The allure of big data has led some to eschew the scientific method altogether. Former editor-in-chief of Wired Magazine Chris Anderson said in his provocative essay The End of Theory: The Data Deluge Makes the Scientific Method Obsolete:

"Petabytes allow us to say: "Correlation is enough." We can stop looking for models. We can analyze the data without hypotheses about what it might show. We can throw the numbers into the biggest computing clusters the world has ever seen and let statistical algorithms find patterns where science cannot.

Similarly, Google’s research director Peter Norvig amended the commonly-held aphorism “All models are wrong, but some are useful” by noting that we can often succeed without them. Anderson and Norvig believe that by adhering to the scientific method, one will often reach mistaken conclusions because the method itself is arbitrary: it relies on a logical framework that leaves room for subjectivity and bias. We should instead replace the scientific method with big data analytics because “with enough data, numbers speak for themselves”. Powerful computational algorithms can explore large data sets and find regularities independent of any subjectivity or bias on the part of the researcher. The effectiveness of this approach increases as the data gets larger. In my opinion, this Wild West approach to shooting from the hip is dangerous, and all that is missing is the tumbleweed.

Spurious correlations often scale with the volume of data. This notion is similar to the one I presented earlier in this essay: the a posteriori addition of more experimental replicates increases the likelihood of finding a significant effect caused by chance alone. However, the difference with big data experiments is that the sheer quantity of information generated is an effect of the process itself, not the intent of the researcher to find positive results per se. Calude and Longo proved mathematically that the number of arbitrary correlations only depend upon the size of the data set, and they can even appear from data that are randomly generated. In fact, their results imply a general trend of diminishing returns – the more information one has, the more difficult it is to glean meaning from it. Replacing the scientific method with big data analytics is therefore not advisable, and researchers must take great care to remember the maxim “correlation does not imply causation.”

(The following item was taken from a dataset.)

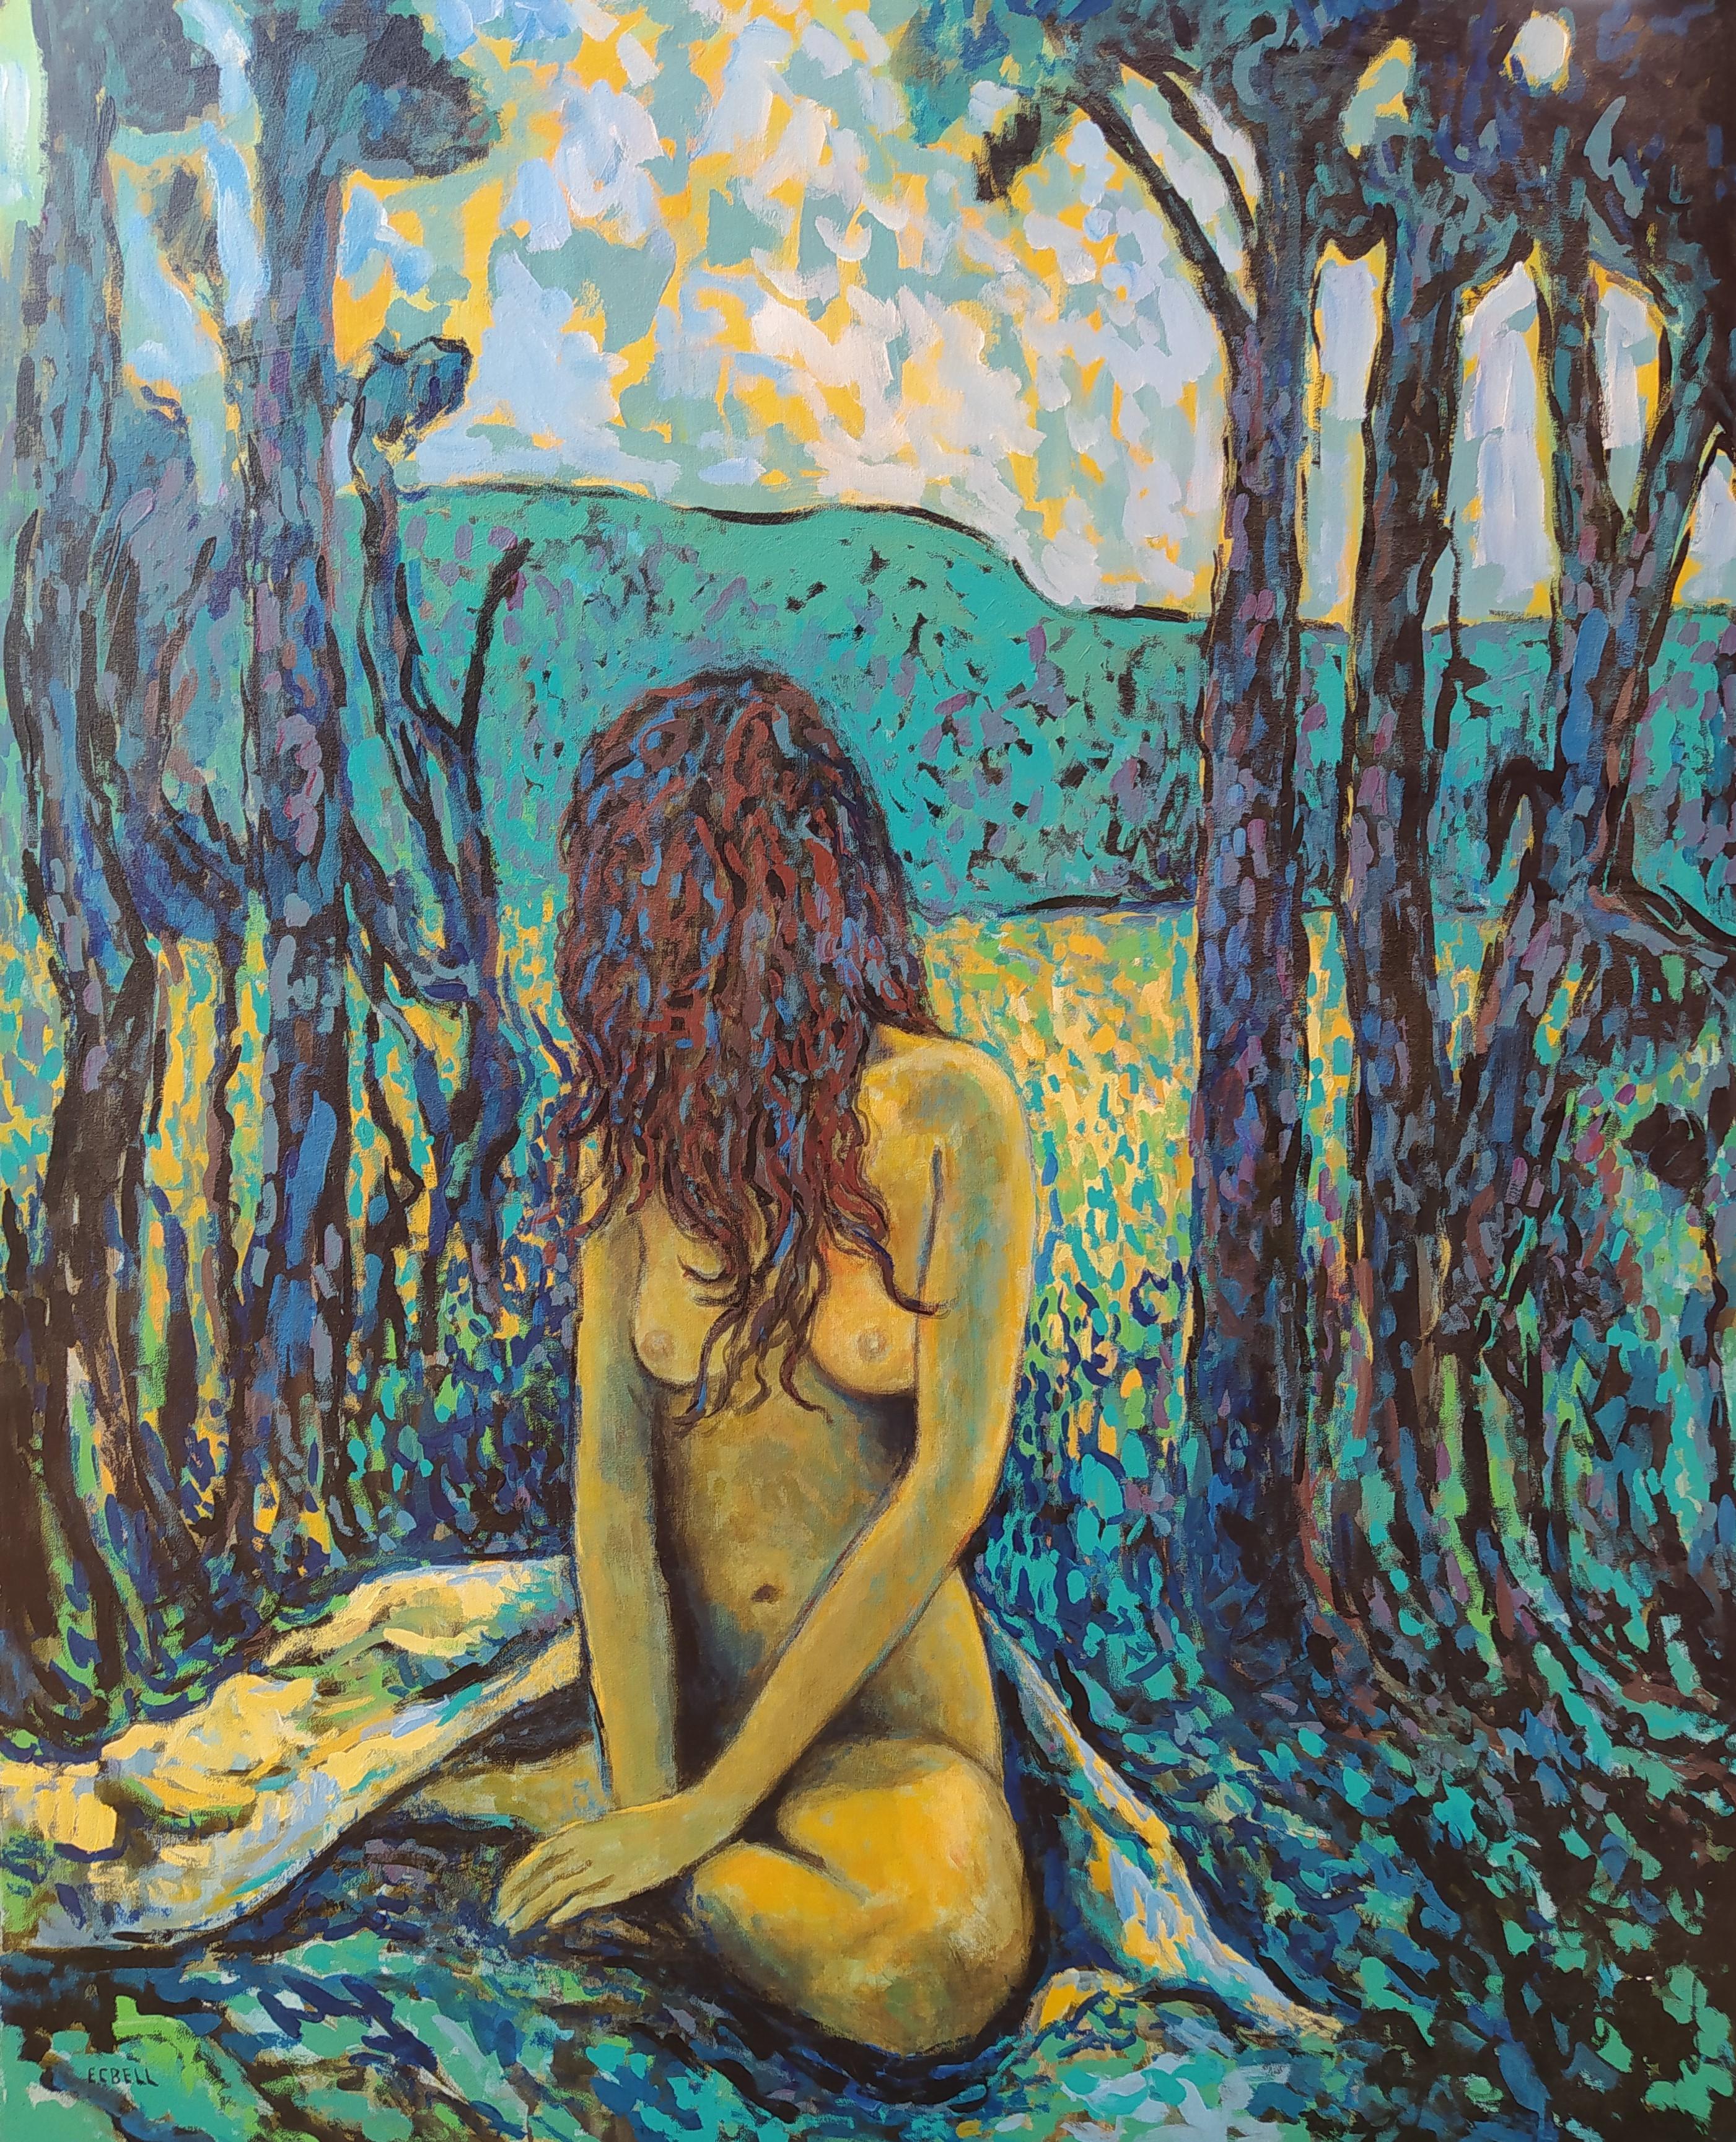 E.C. Bell Nude Painting - "Rhonda" - Vertical expressionist turquoise landscape with female nude.

Responsible conduct of research is like an intricate dance. It encompasses much more than abstaining from duplicity. To conduct science with utmost integrity we must understand and limit our biases during all stages of the scientific process: from hypothesis generation, to publication of results, to the analysis of big data. We can limit biases by adopting an open science policy of transparency, and learning proper experimental design and statistical methods to address our research questions. But most importantly we ought to adopt a philosophy of utmost humility – as my good friend and colleague Zachary Blount says, “Hypotheses are not children - they have no inherent worth or dignity, nor any right to exist. They have to justify themselves. Test the daylights out of them.”